#### [TASK TO COMPLETE]
Omit all pictures. Quote the lines from the one with "Ancak bu düşüşe" through the end of the listing below, exactly as they appear.

#### [INPUT DATA]
^^^^^^^^

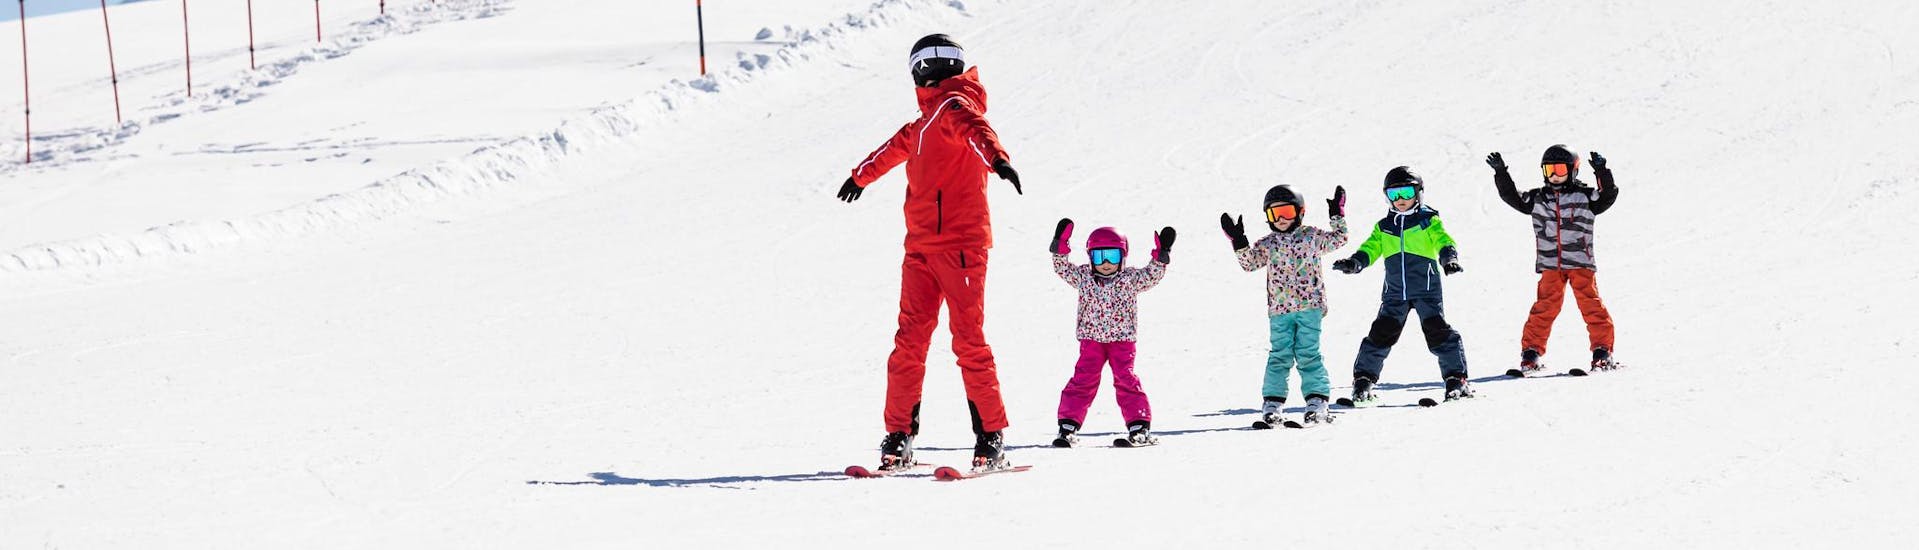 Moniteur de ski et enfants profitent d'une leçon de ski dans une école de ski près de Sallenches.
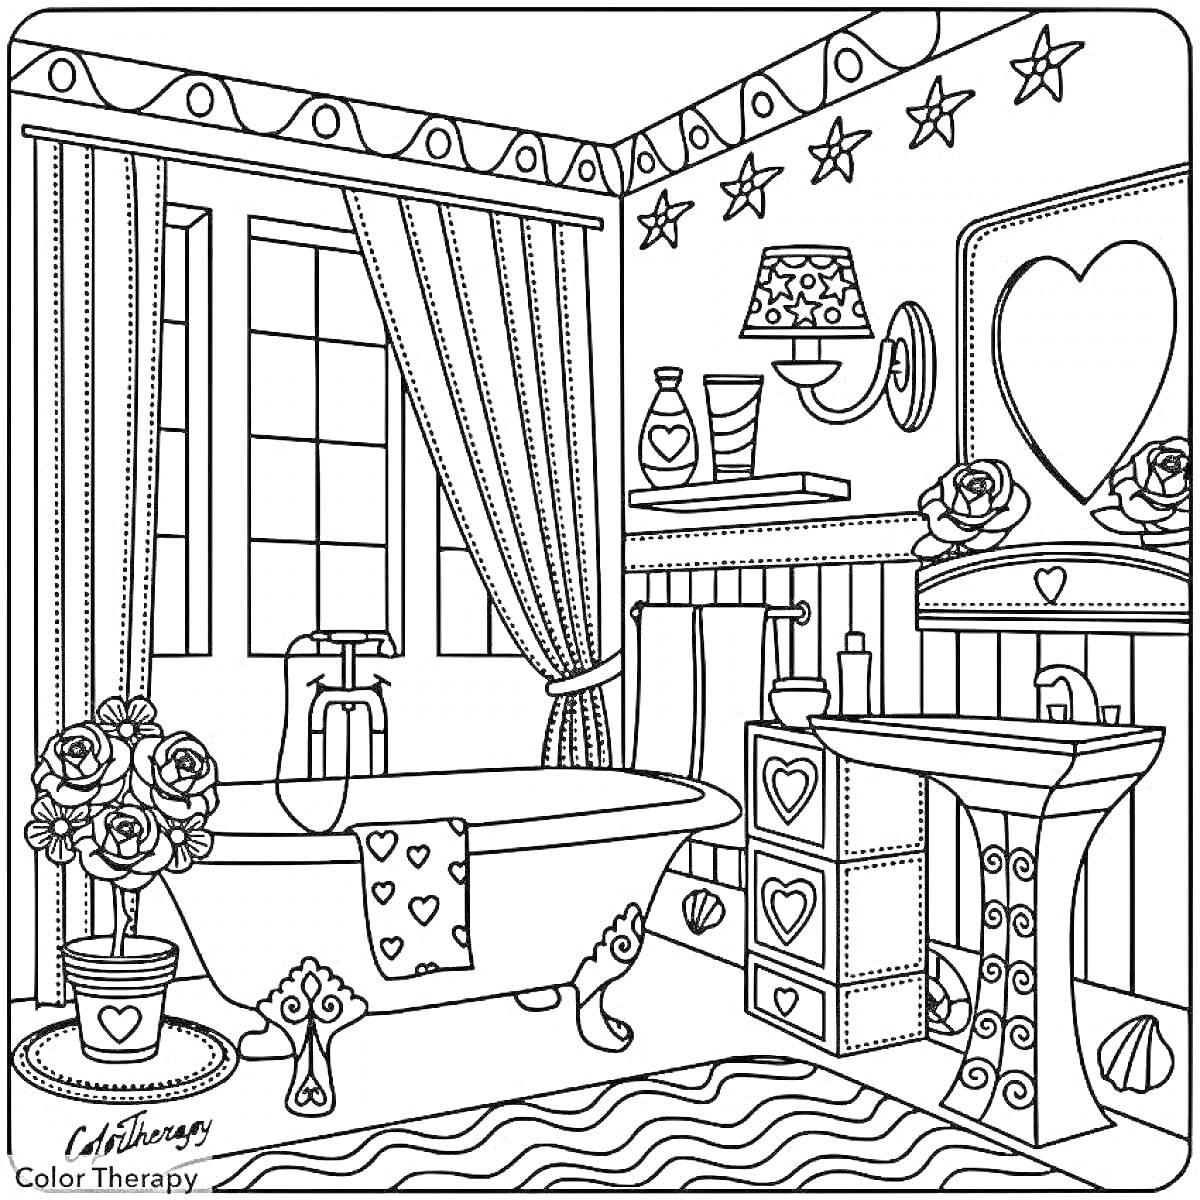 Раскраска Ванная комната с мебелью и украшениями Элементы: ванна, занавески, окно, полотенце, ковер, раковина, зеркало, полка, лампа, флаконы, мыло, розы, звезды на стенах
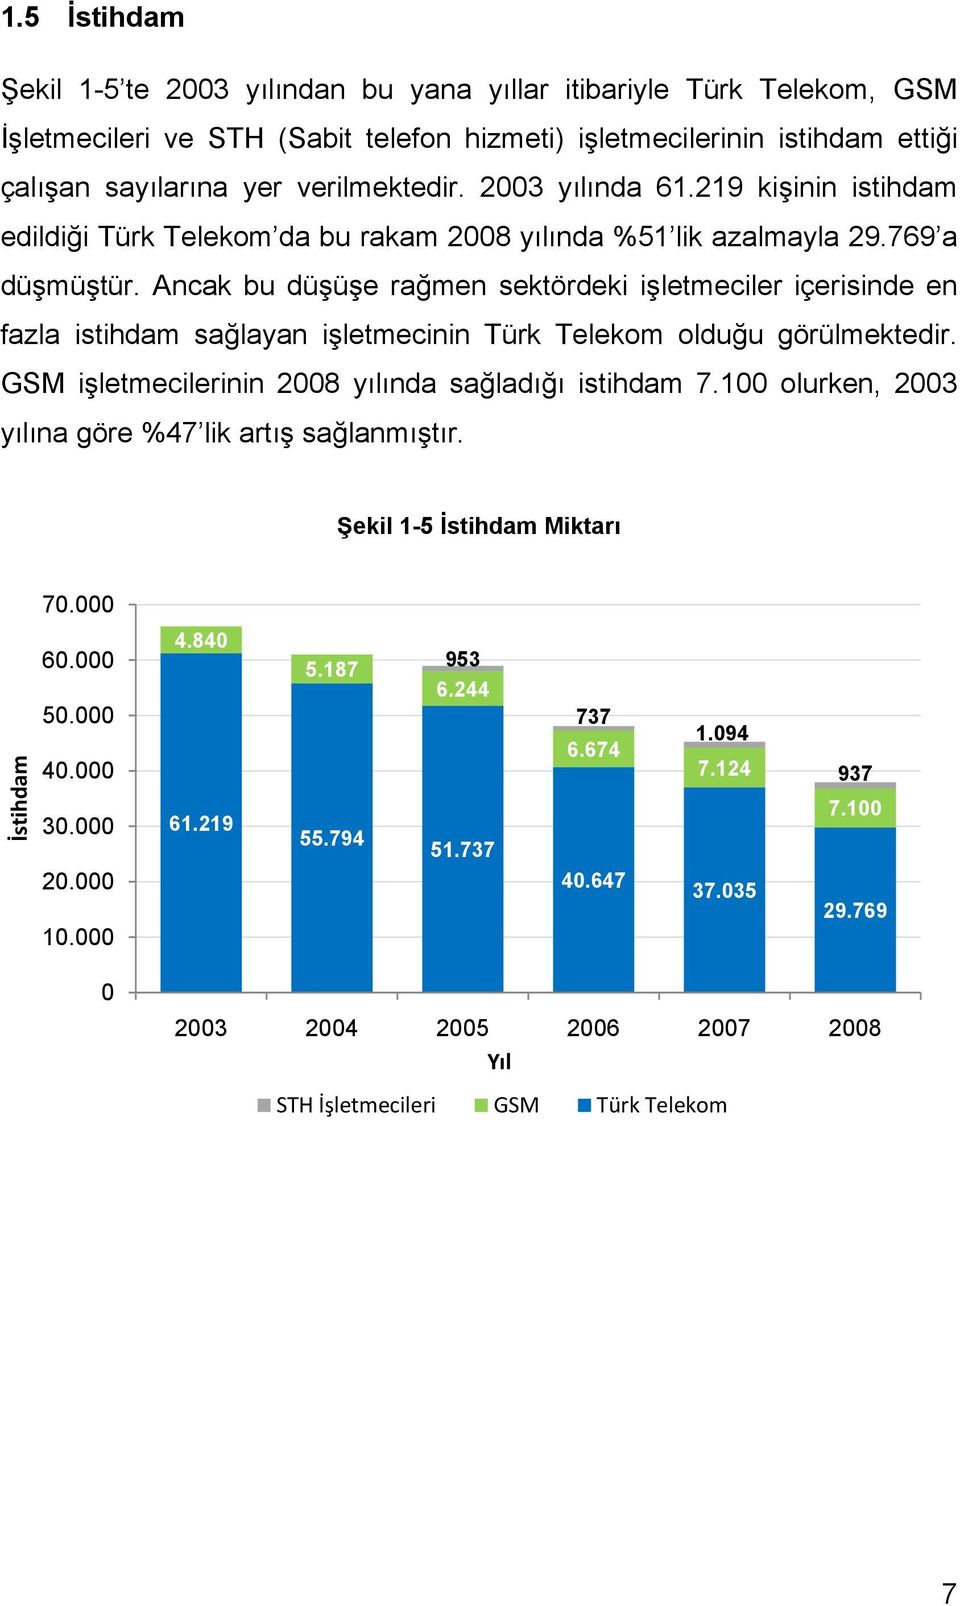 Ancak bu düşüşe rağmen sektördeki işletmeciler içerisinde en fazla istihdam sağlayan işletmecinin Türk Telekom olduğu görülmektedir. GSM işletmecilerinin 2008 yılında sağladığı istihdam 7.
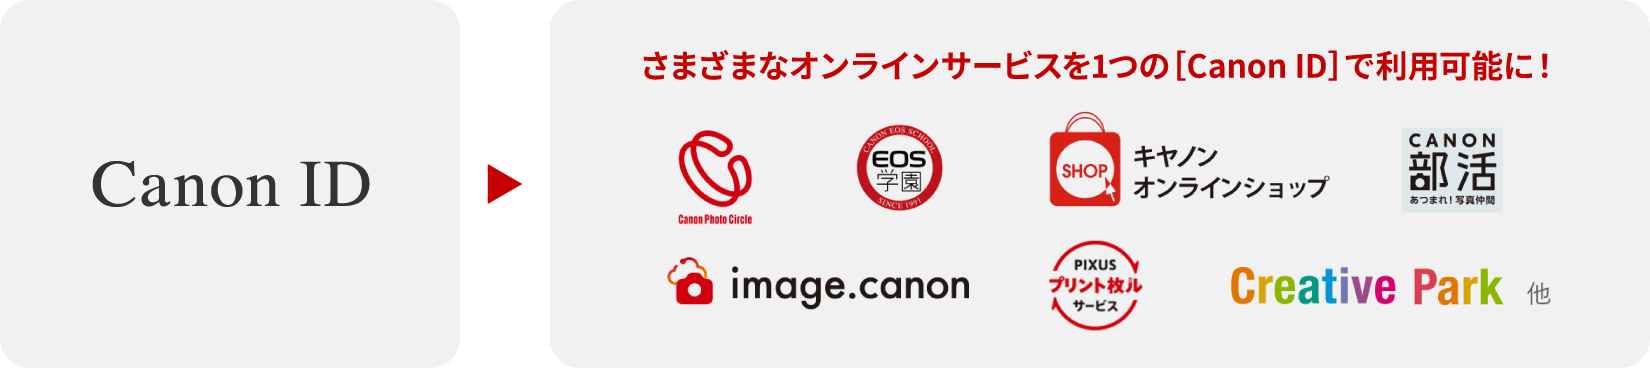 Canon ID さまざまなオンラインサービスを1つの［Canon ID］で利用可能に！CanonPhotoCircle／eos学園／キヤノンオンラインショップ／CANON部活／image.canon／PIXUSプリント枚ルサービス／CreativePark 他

^^^^^^^^

#### [RESPONSE AREA]
 Ancak bu düşüşe rağmen sektördeki işletmeciler içerisinde en fazla istihdam sağlayan işletmecinin Türk Telekom olduğu görülmektedir. GSM işletmecilerinin 2008 yılında sağladığı istihdam 7.
 Canon ID さまざまなオンラインサービスを1つの［Canon ID］で利用可能に！CanonPhotoCircle／eos学園／キヤノンオンラインショップ／CANON部活／image.canon／PIXUSプリント枚ルサービス／CreativePark 他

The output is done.